• **DESCRIPTION OF THE TASK**:
Output every line of the material exactly, omitting images.

• **DATASET EXTRACT**:
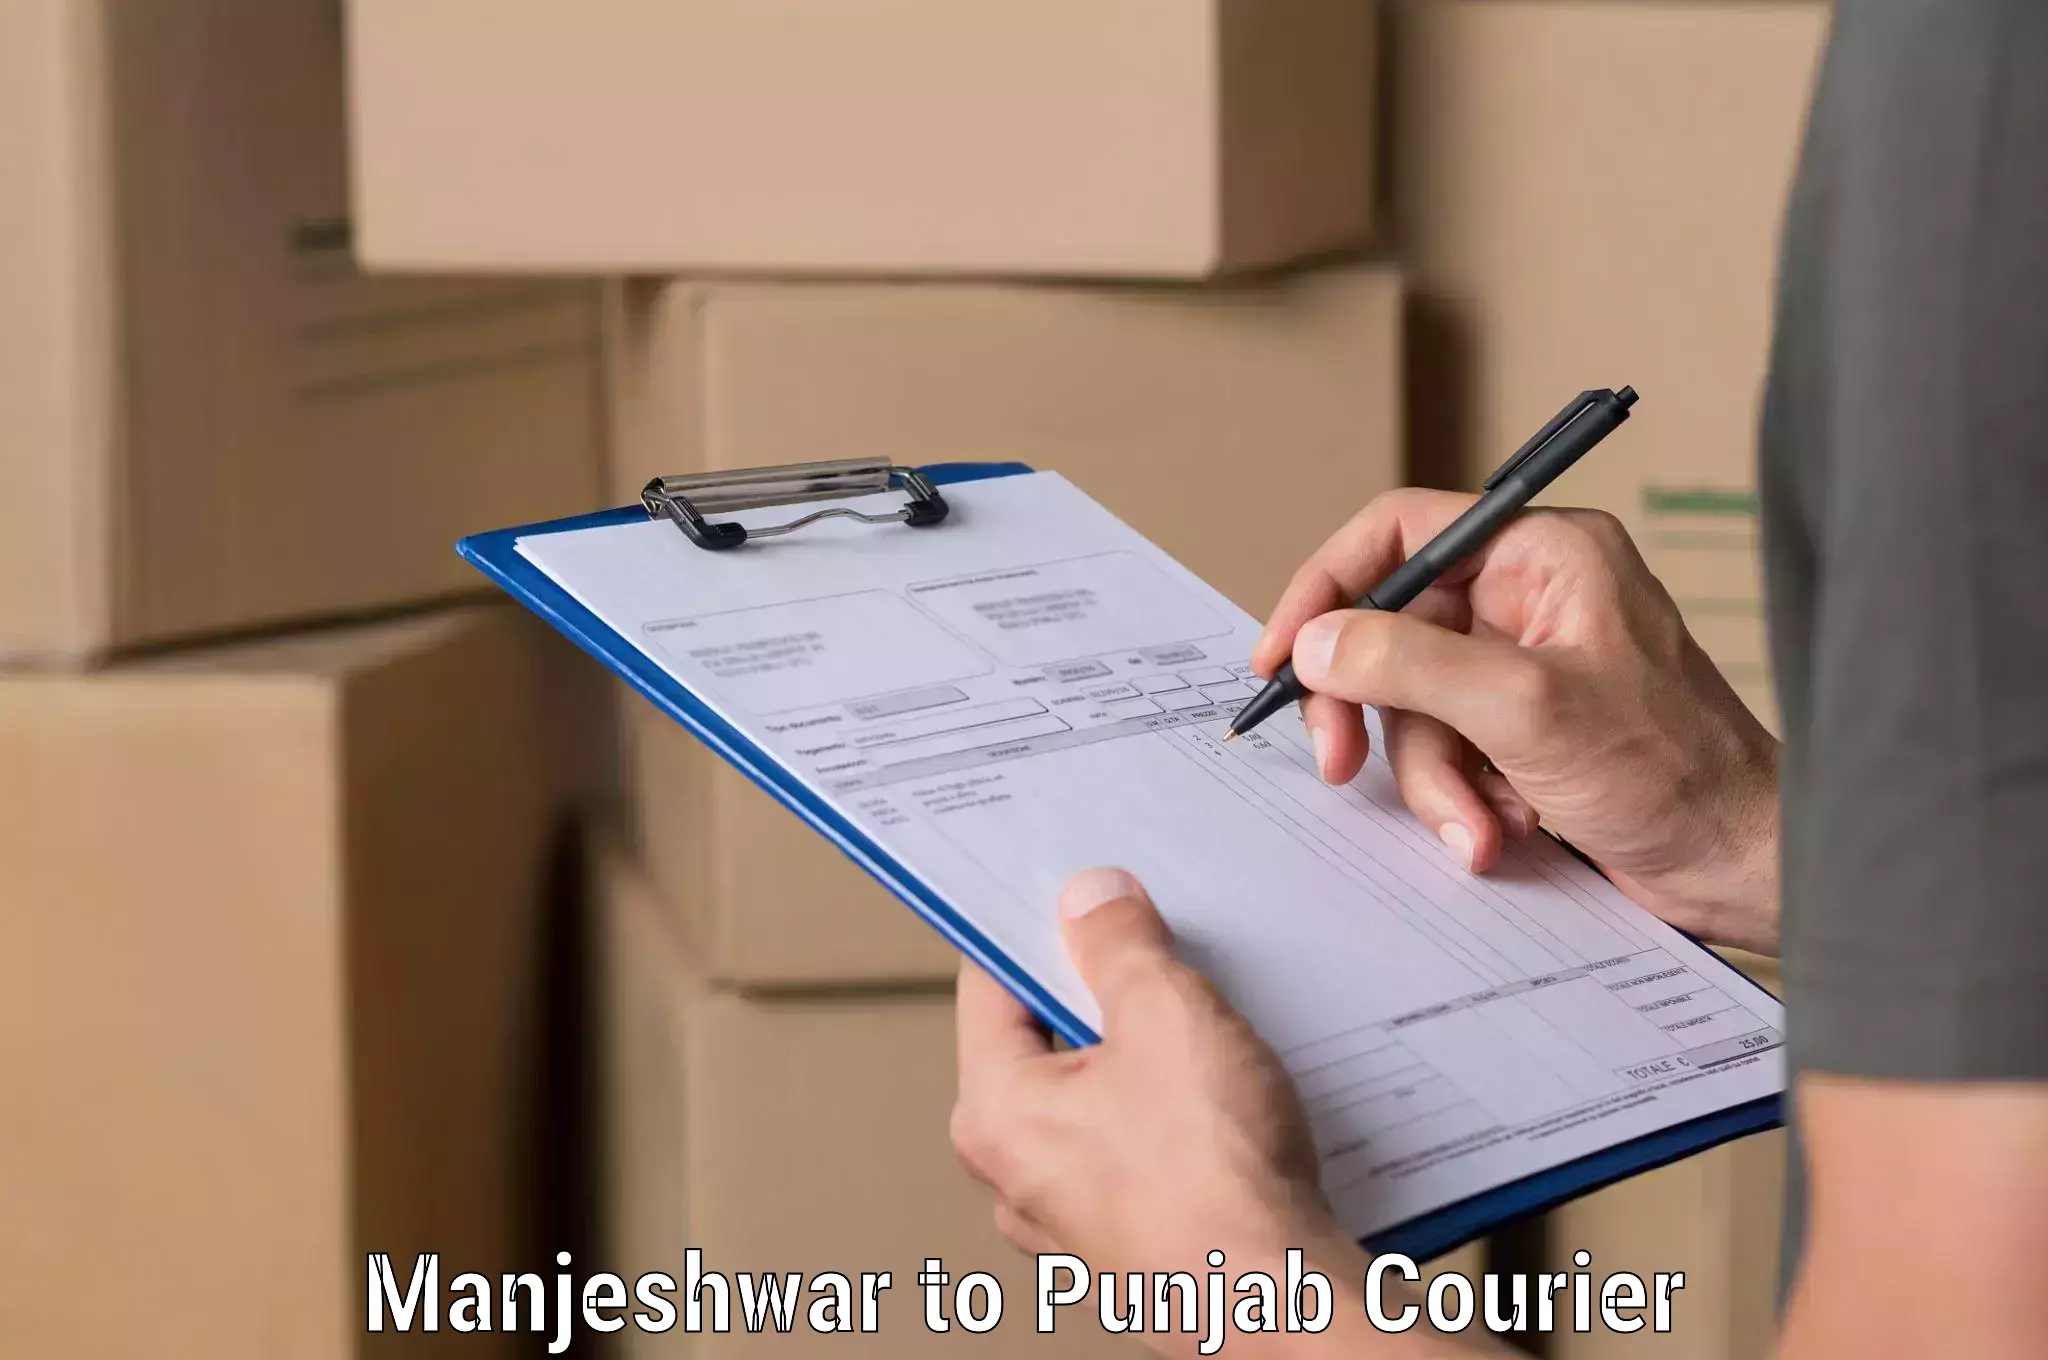 Professional courier handling in Manjeshwar to Punjab
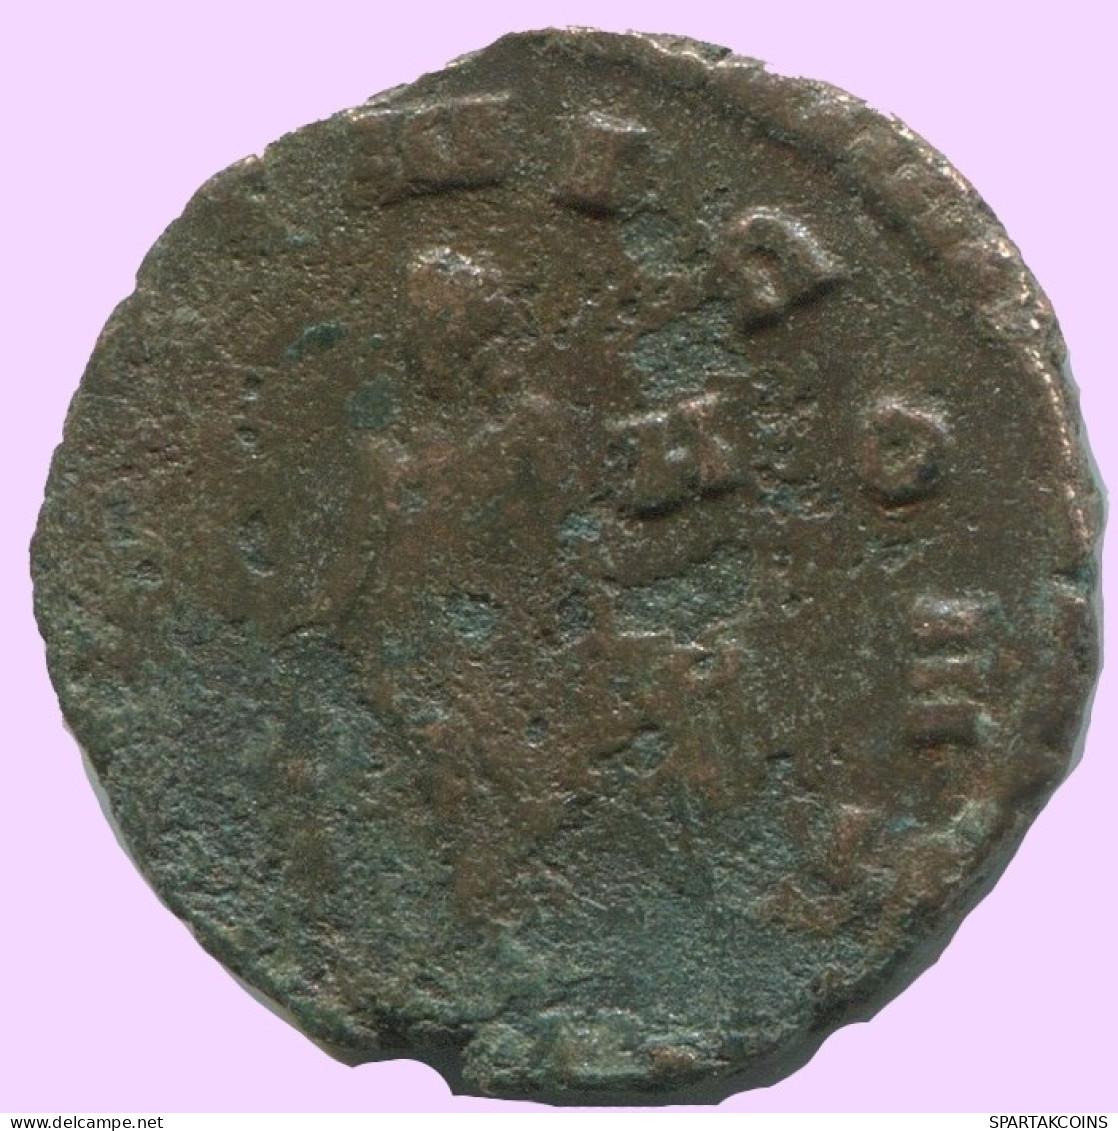 LATE ROMAN IMPERIO Follis Antiguo Auténtico Roman Moneda 2.3g/17mm #ANT2064.7.E.A - Der Spätrömanischen Reich (363 / 476)
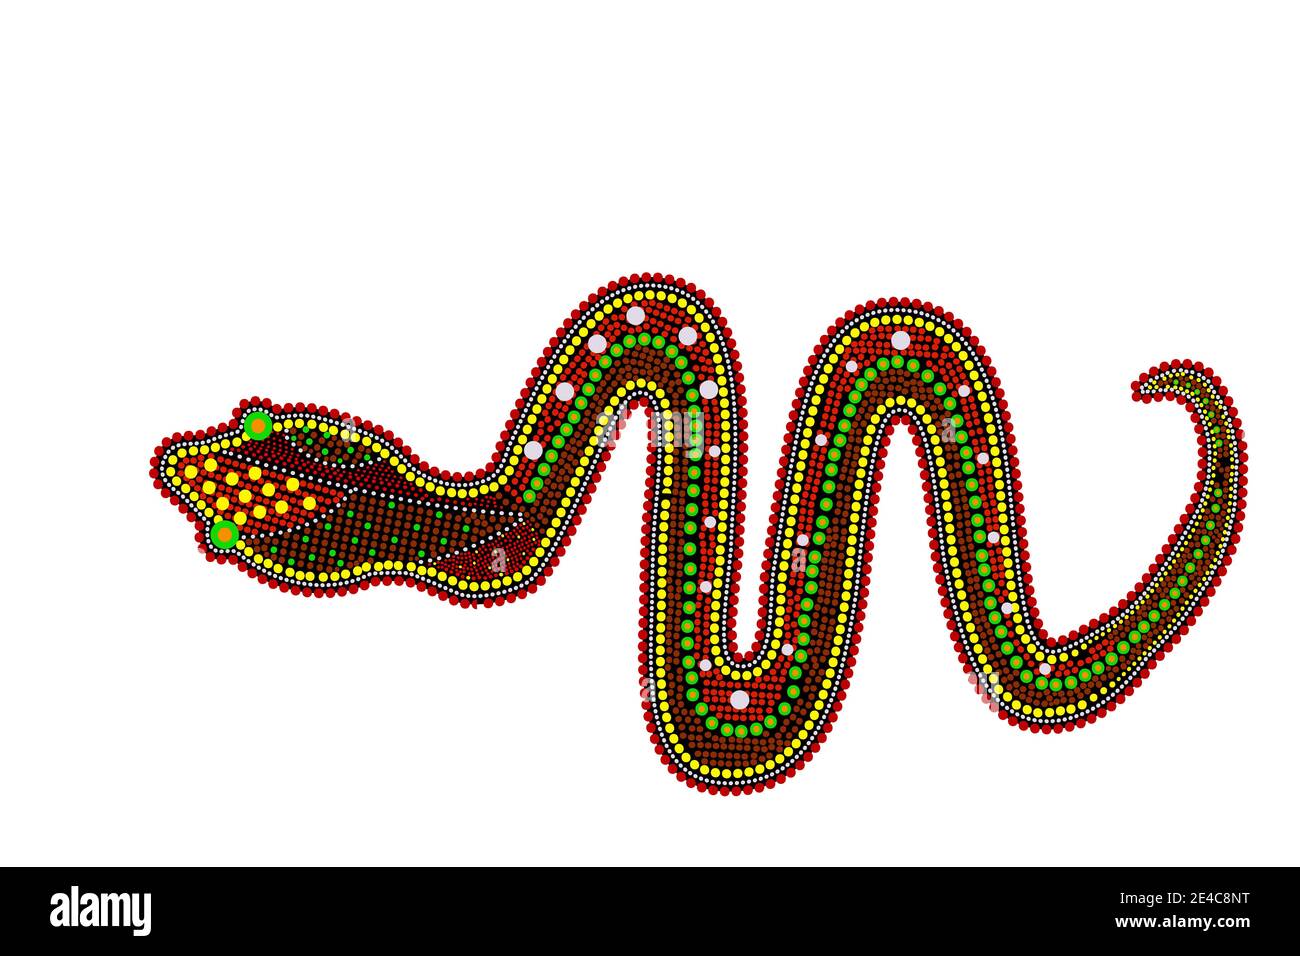 Serpent isolé sur fond blanc. Australie peinture de point de serpent aborigène.python de style aborigène.style ethnique décoratif.Illustration vectorielle de stock Illustration de Vecteur

• **ANSWER FOR THIS EXERCISE**:
 Professional courier handling in Manjeshwar to Punjab
 LATE ROMAN IMPERIO Follis Antiguo Auténtico Roman Moneda 2.3g/17mm #ANT2064.7.E.A - Der Spätrömanischen Reich (363 / 476)
 Serpent isolé sur fond blanc. Australie peinture de point de serpent aborigène.python de style aborigène.style ethnique décoratif.Illustration vectorielle de stock Illustration de Vecteur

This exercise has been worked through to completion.